• **TO DO**
Nothing in the copy should be a picture; everything else in the listing is to be restated exactly.

• **GIVEN DATA**

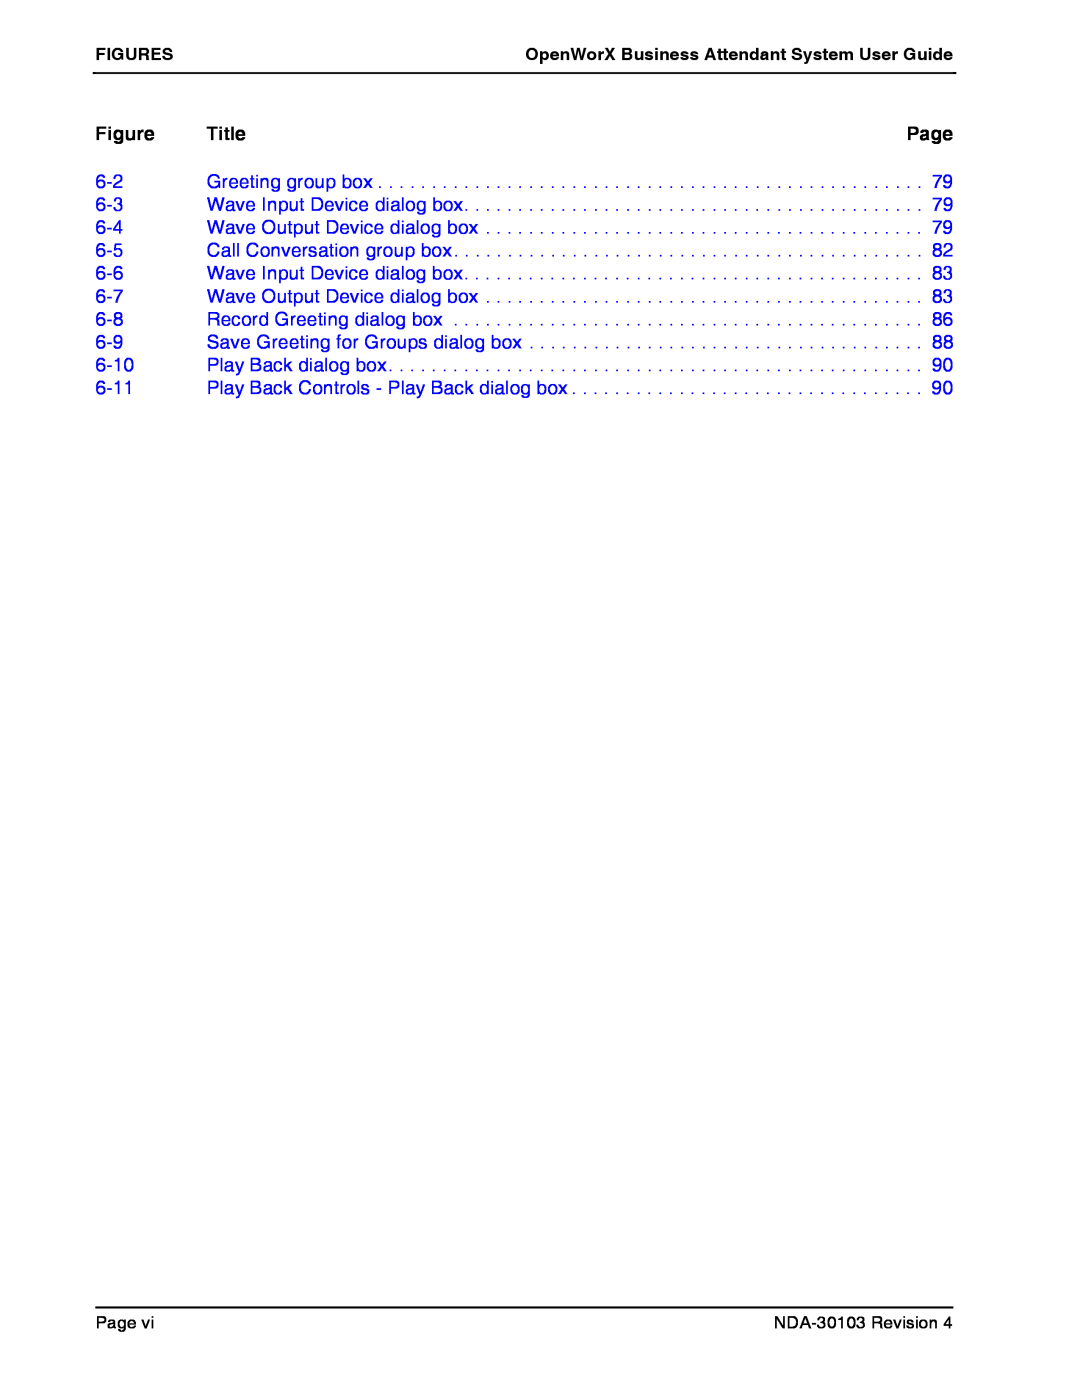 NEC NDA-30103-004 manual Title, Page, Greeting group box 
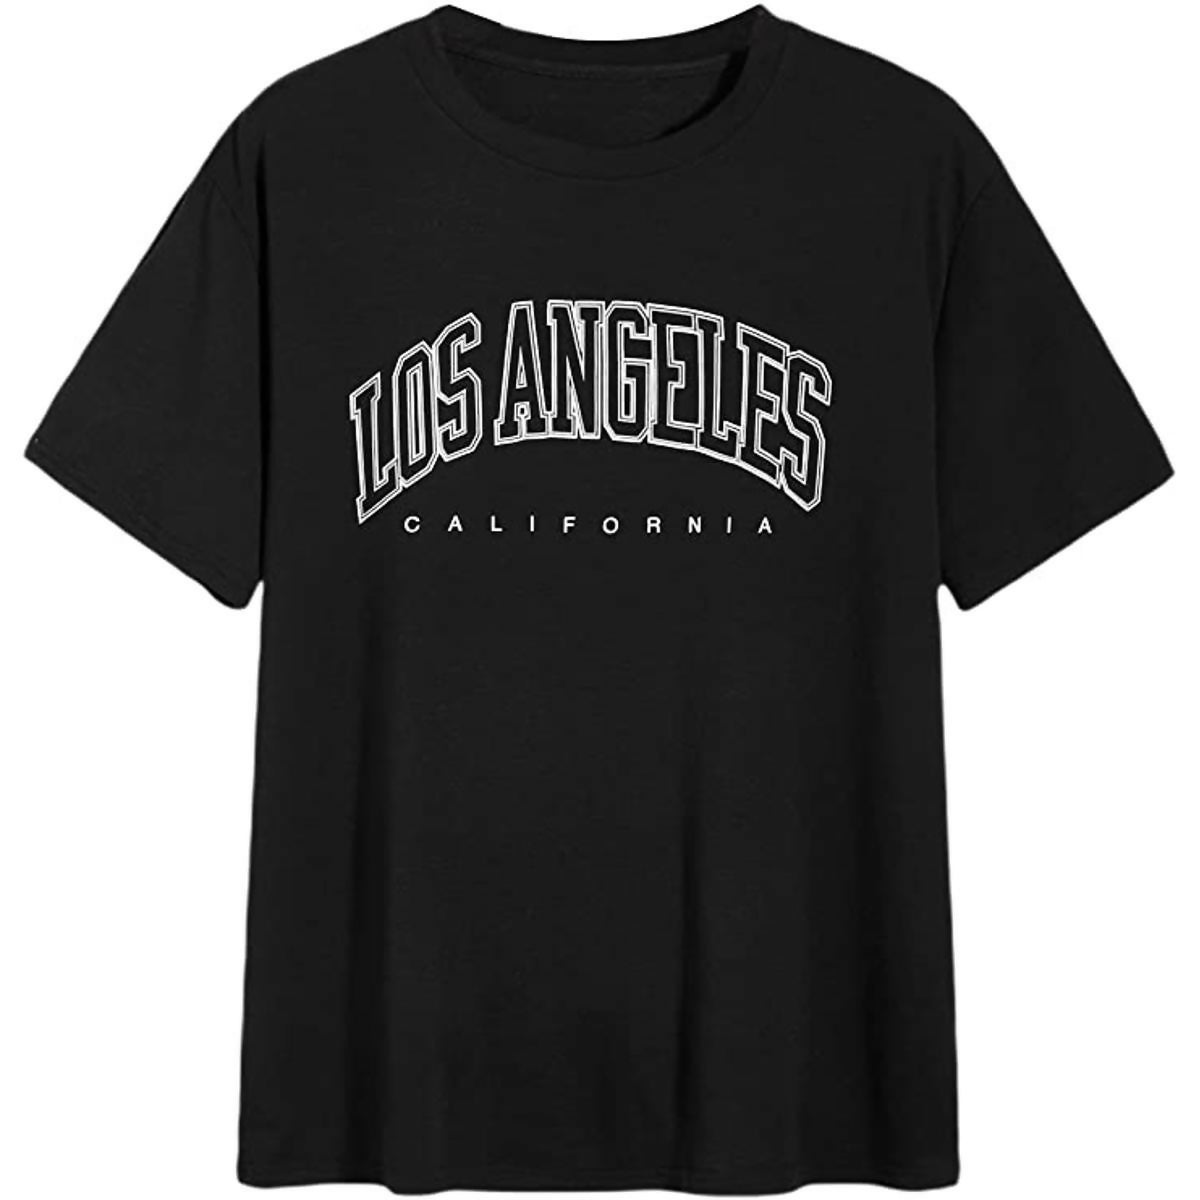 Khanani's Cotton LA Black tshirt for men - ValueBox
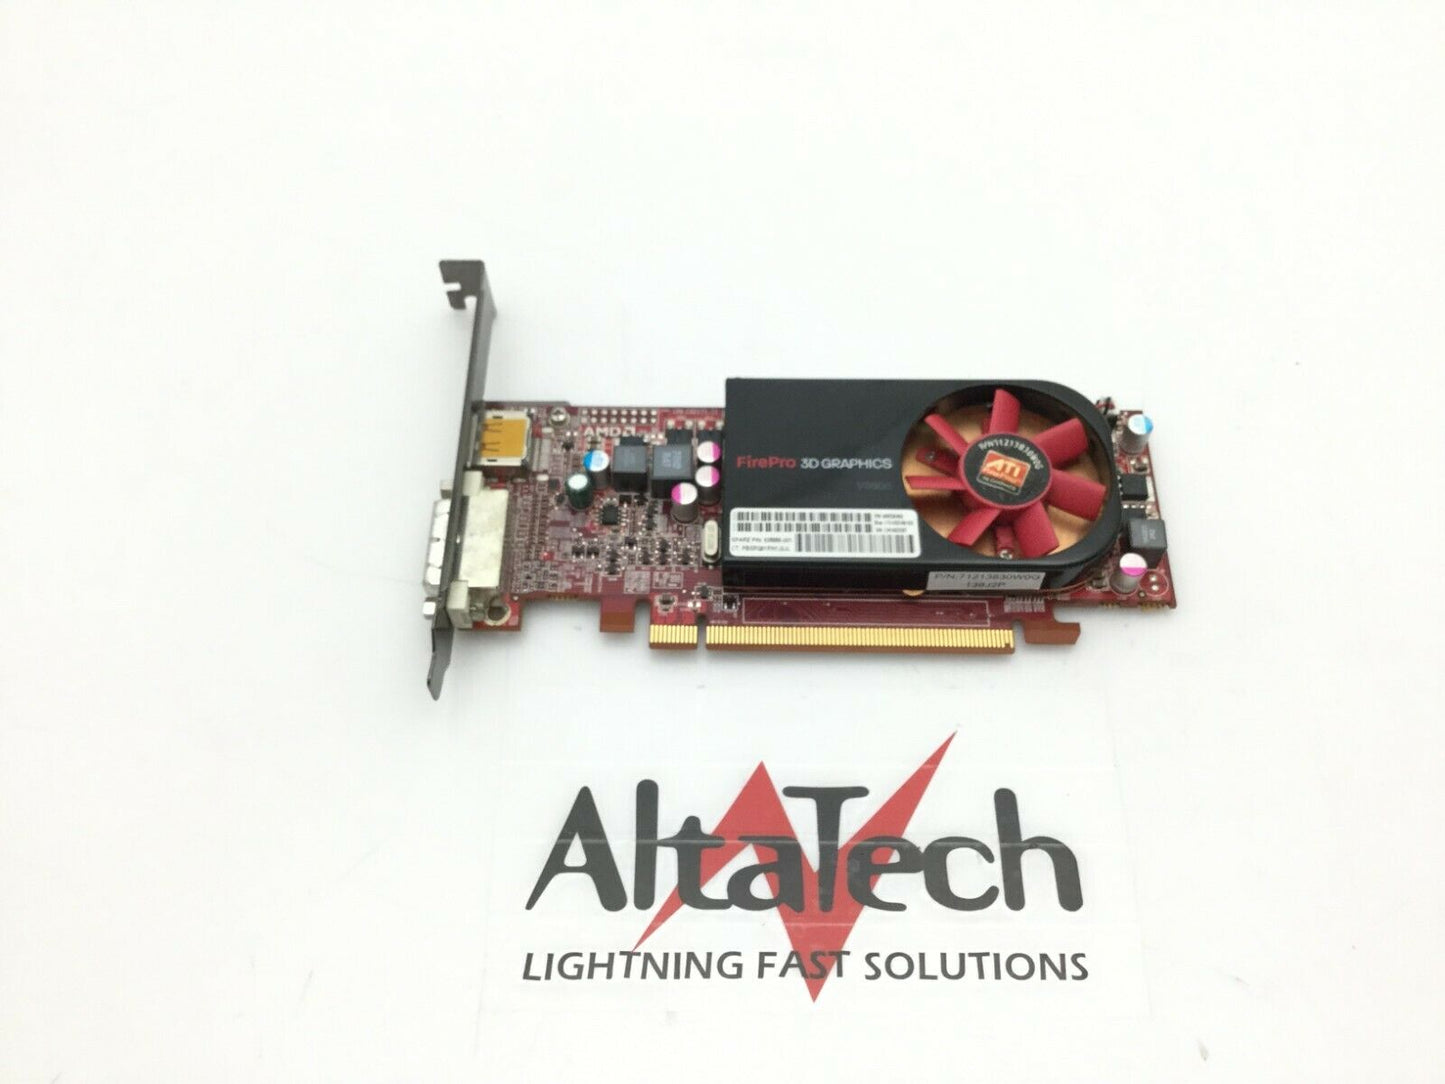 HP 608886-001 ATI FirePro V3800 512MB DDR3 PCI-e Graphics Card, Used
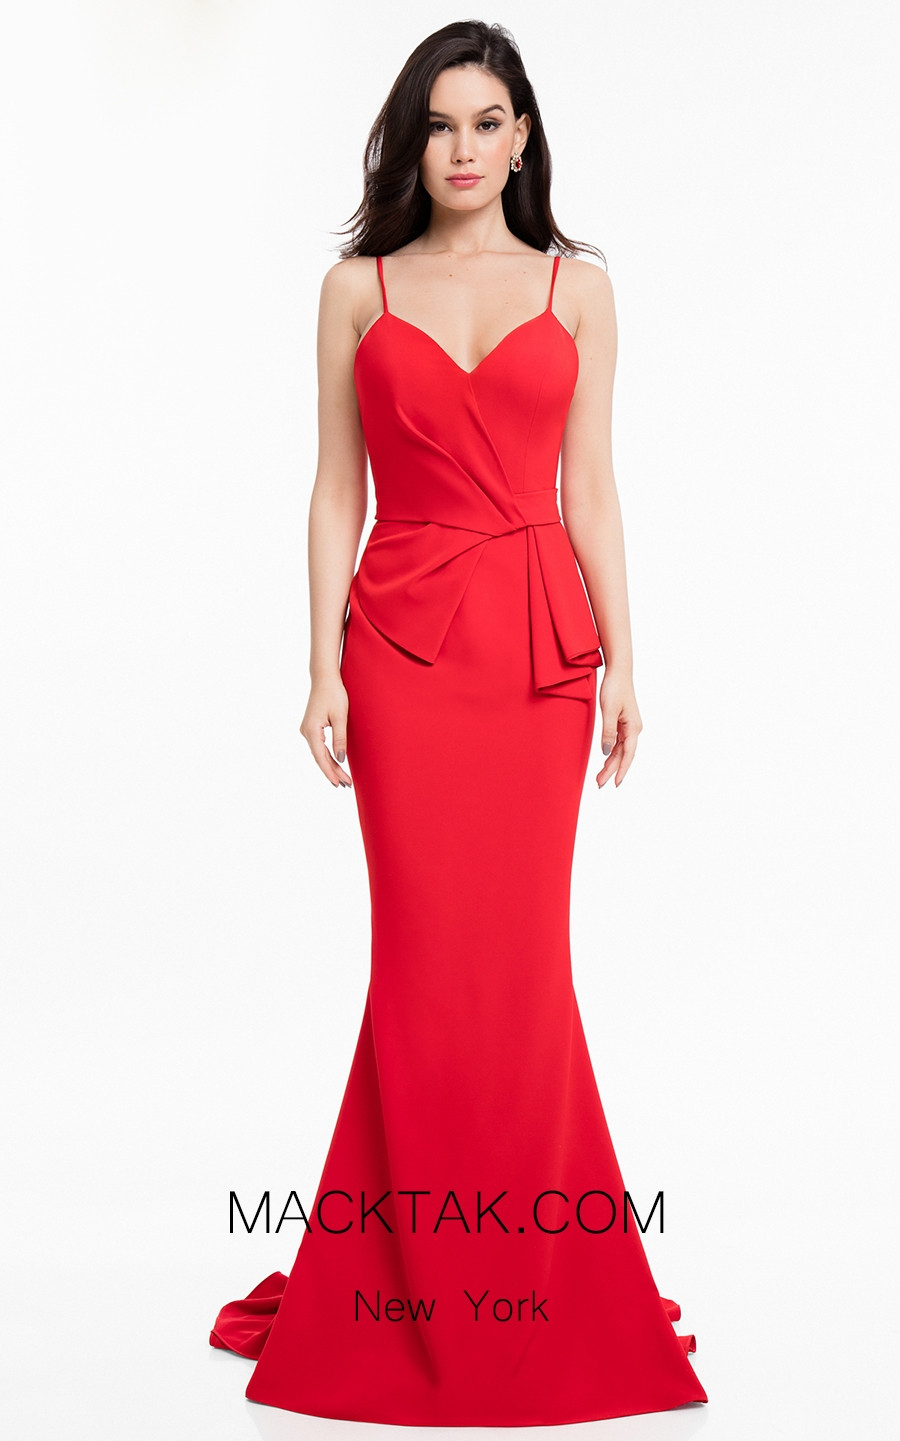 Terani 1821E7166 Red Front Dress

• **RESPONSE BELOW**
 NEC NDA-30103-004 manual Title, Page, Greeting group box 
 Khanani's Cotton LA Black tshirt for men - ValueBox
 HP 608886-001 ATI FirePro V3800 512MB DDR3 PCI-e Graphics Card, Used
 Terani 1821E7166 Red Front Dress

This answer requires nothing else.